Святой как будто удивился. Эллен заметила, что не сказала напрямик то, что имела в виду. С усилием она отодвинула в сторону то, что отделяло ее от нее самой.

 То есть я бы тебя в любом случае не разочаровала даже если я здесь останусь, даже если я слезами обольюсь!

Святой вроде бы опять удивился, и ей пришлось сделать еще шаг.

 То есть я бы не стала обливаться слезами. Я бы все равно пыталась ни в чем тебя не упрекать, даже если я не попаду на свободу.

И опять ничего только немое удивление Франциска Ксаверия, и последняя дверь подалась.

 То есть я хотела сказать, я не знаю, что мне нужно сделать, чтобы попасть на свободу.

На глаза у Эллен навернулись слезы, но она чуяла, что в этом разговоре слезы не помогут.

 Прошу тебя: что бы ни случилось, помогай мне верить в то, что есть такое место, где вокруг синева. Помоги мне пройти по воде, даже если я останусь здесь.

Разговор со святым был окончен. Все двери стояли нараспашку.

Набережная

 Возьмите меня в игру!

 Дуй отсюда, поняла?

 Возьмите меня в игру!

 Катись!

 Возьмите меня в игру!

 Мы не играем.

 А что вы делаете?

 Ждем.

 Ждете? Чего?

 Ждем, когда здесь будет тонуть ребенок.

 Зачем?

 Мы его тогда спасем.

 Ну и что?

 А то, что это будет хороший поступок.

 А вы сделали что-то плохое?

 Не мы, а бабушки с дедушками. Это все наши бабушки и дедушки виноваты.

 Понятно. И давно вы ждете?

 Скоро два месяца.

 А много детей здесь тонет?

 Да нет.

 И вы в самом деле хотите дождаться, пока в канал свалится младенец?

 А почему нет? Мы его перепеленаем и отнесем бургомистру. А бургомистр нам скажет: «Молодцы, настоящие молодцы! С завтрашнего дня разрешаю вам садиться на все скамейки. Мы простим вам ваших бабушек и дедушек».  «Спасибо большое, господин бургомистр».

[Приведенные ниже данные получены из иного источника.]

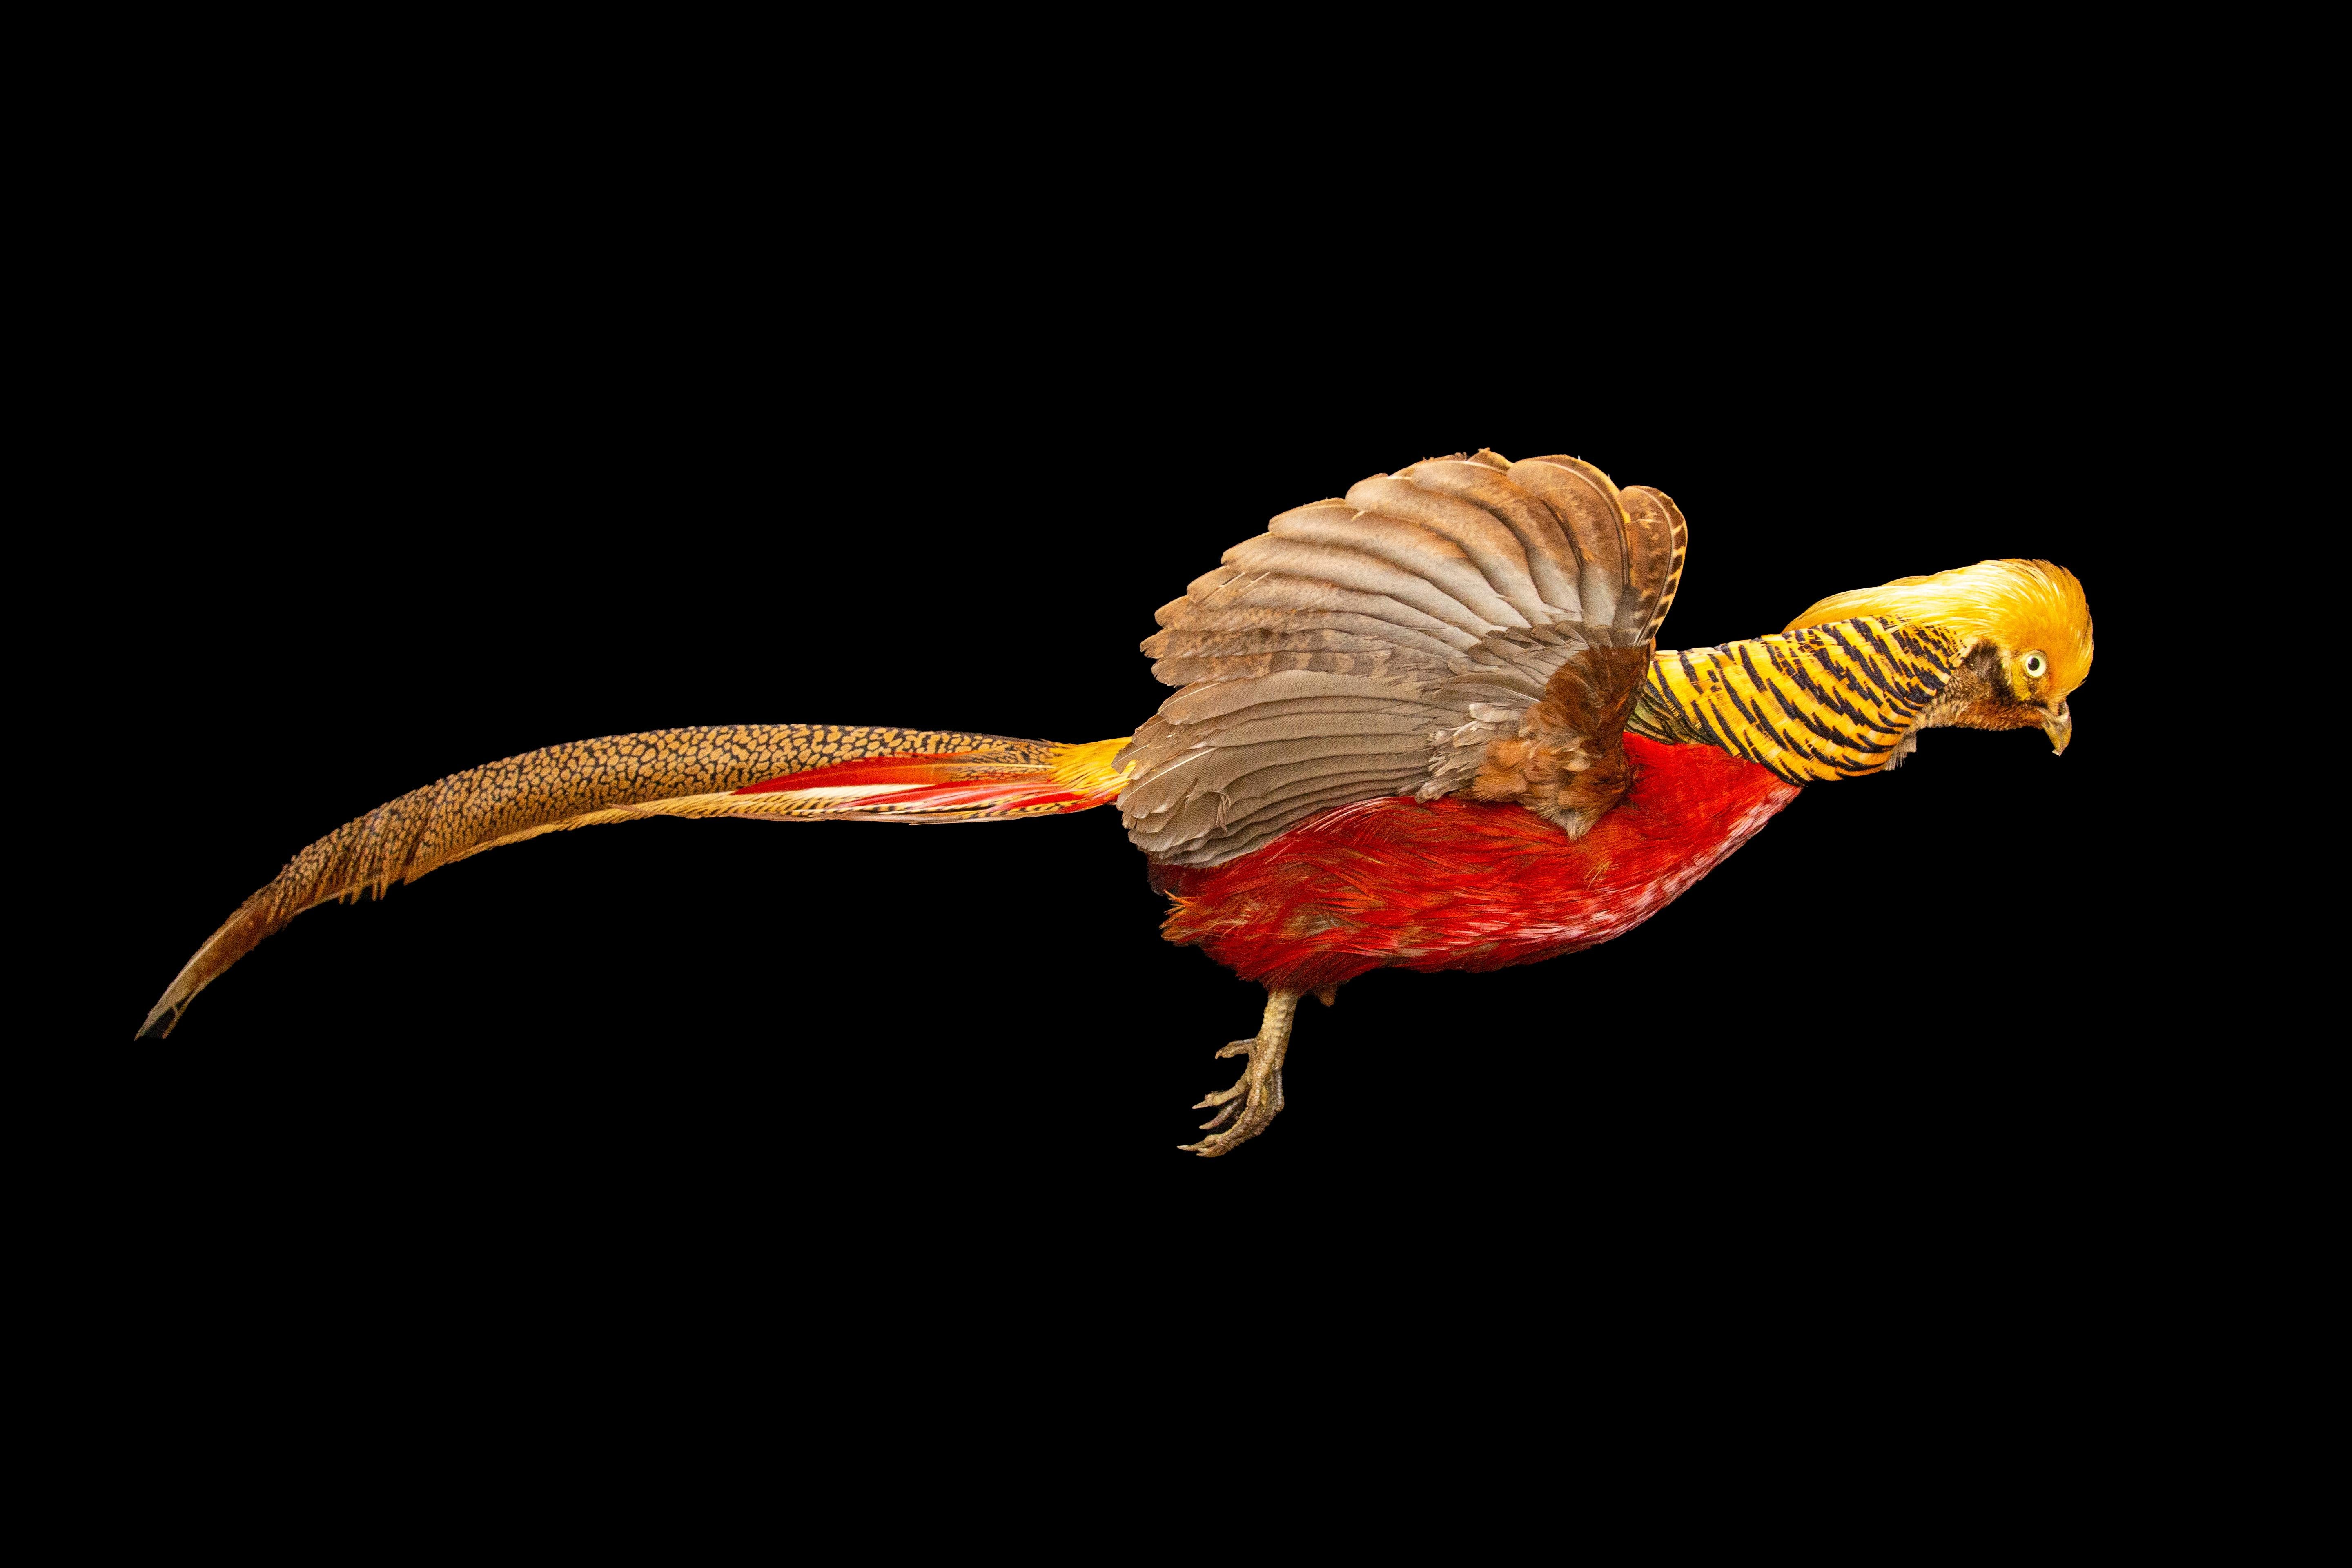 Dieser exquisite Taxidermie-Goldfasan ist eine atemberaubende Ergänzung für jede Sammlung oder Ausstellung. Der Vogel wurde fachmännisch konserviert und montiert, wobei jede Feder naturgetreu nachgebildet wurde. Das leuchtend goldene und rote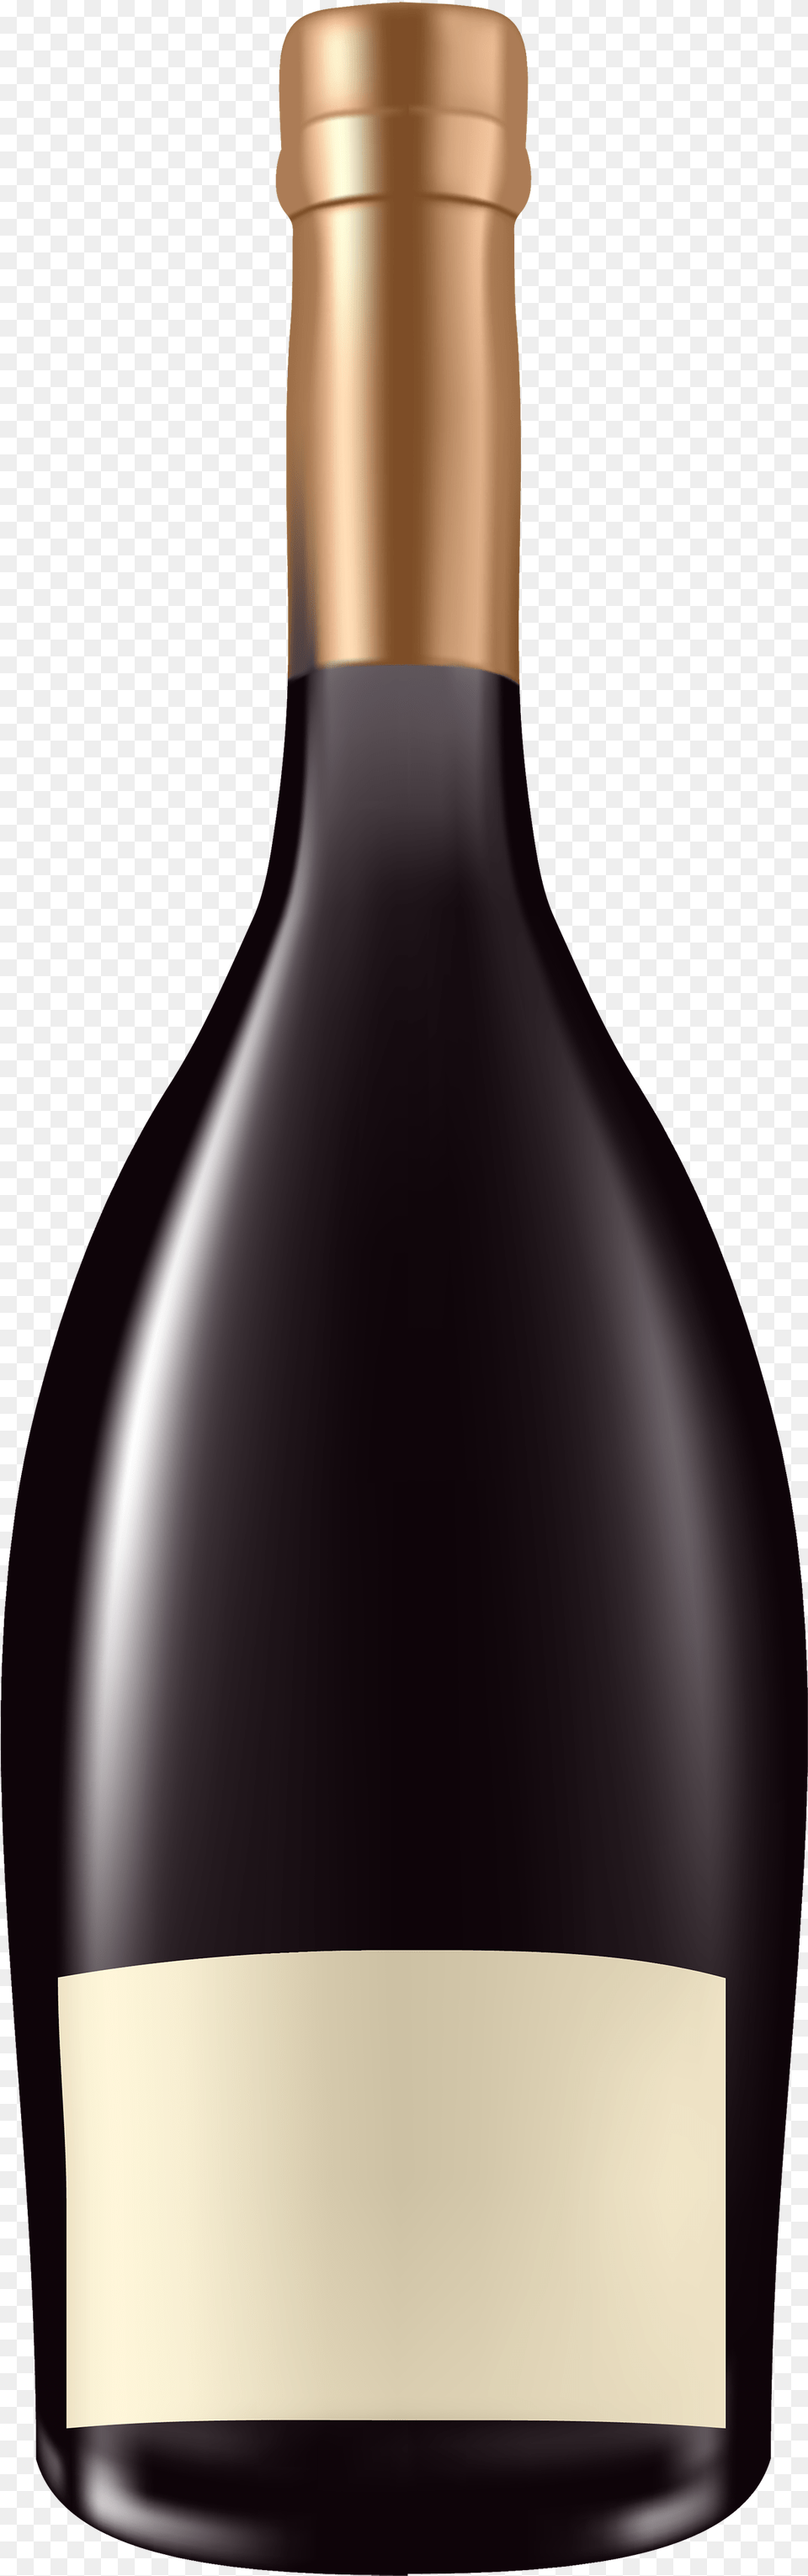 Clipart Best Web Alcohol Bottles Clip Art, Beverage, Bottle, Liquor, Wine Free Png

 «Не за что, рад оказать услугу. Большой привет бабушкам и дедушкам».

 А ты хорошо это сказала. Если хочешь, давай прямо сегодня играть с нами в бургомистра.

 Давай сначала!

 Вот ребенок, господин бургомистр!

 Откуда взялся этот ребенок?

 Мы его спасли.

 А как это случилось?

 Мы сидели на берегу и ждали

 Нет, это не надо говорить!

 Ладно. Мы сидели на берегу, а тут он упал!

 И что дальше?

 Дальше, господин бургомистр, все произошло очень быстро. И мы очень рады, что нам удалось его спасти. Теперь нам можно опять садиться на все скамейки?

 Можно. И гулять в городском парке тоже можно. Ваших бабушек и дедушек мы вам простили!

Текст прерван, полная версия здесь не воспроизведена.